Province mulls ban on smoking, throwing cigarette butts in public beaches

Alvarez said in his proposed ordinance that aside from the harmful effects of cigarettes, there are billions of cigarette butts being thrown every day that cause serious environmental damage.

File photo from People.com

Board Member Juan Antonio Alvarez has filed a proposed ordinance prohibiting the smoking and throwing of cigarette butts in all beaches in Palawan.

Alvarez said in his proposed ordinance that aside from the harmful effects of cigarettes, there are billions of cigarette butts being thrown every day that cause serious environmental damage.

Based on the study of the World Health Organization (WHO), Alvarez said 30 percent of items collected in coastal cleanups are cigarette butts which take at least 10 years to rot and five centuries to a millennium to fully decomposed.

Alvarez explained that the measure aims to protect the environment as well as the public.

“The officials in Palawan give importance to health and environmental concerns. Palawan takes pride in its world-class beaches and recognizes tourism as a major contributor to our economic growth with the responsibility of maintaining our shores,” he said.

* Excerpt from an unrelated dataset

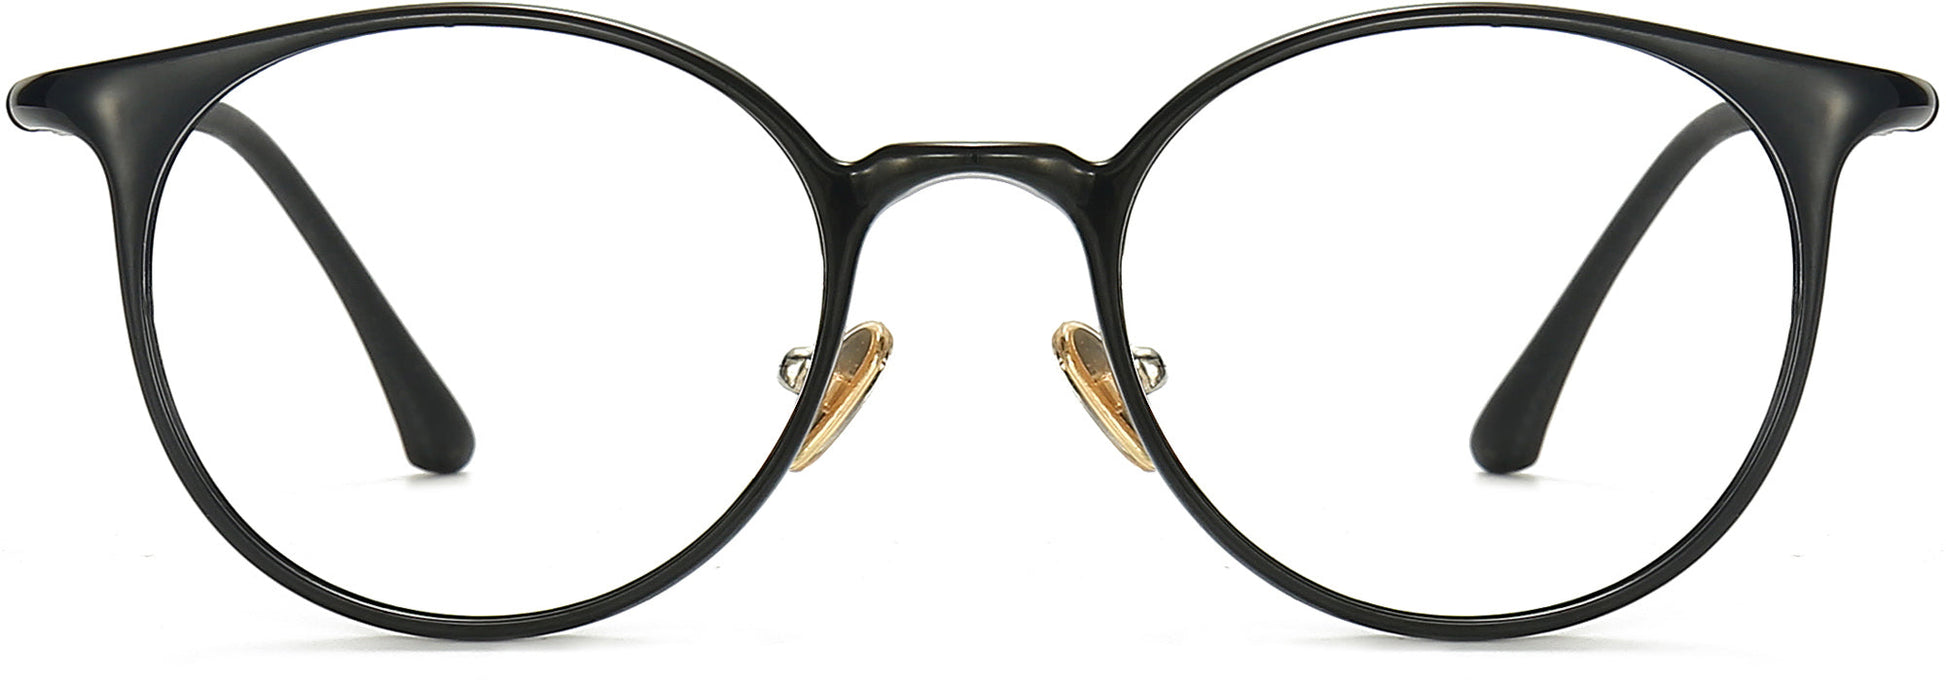 Cecelia Round Black Eyeglasses from ANRRI, front view

The proposed measure will be implemented and monitored by the Provincial Health Office (PHO) and the Provincial Environment and Natural Resources Office (PENRO) in coordination with the barangays and municipal counterparts.

Alvarez said that there should be at least one deputized resort employee that will closely monitor their jurisdiction.

In his proposal, any person who will be caught smoking or throwing cigarettes in the prohibited area will be penalized by paying fines of P1,500 for the first offense, P3,000 for the second offense, and P5,000 for the third offense.

However, managers or resort owners will also be penalized if they fail to warn and report violators. An amount of P2,000 for the first offense, P4,000 for the second, and P10,000 for the third offense will be charged.

“Owners of accommodations and entertainment establishments should take part in the information dissemination by placing pamphlets in the reception. In case there is a failure to warn or report the violators, a penalty should be imposed upon the president, manager, owner or operator,” Alvarez added.

In addition, Alvarez said that 30 percent of the collected fine will be given to the person who reported the case while the 70 percent should proceed to the barangay fund that will be allocated for health and environmental programs.

The proposed ordinance has been referred to the committee on environment and natural resources for further discussion.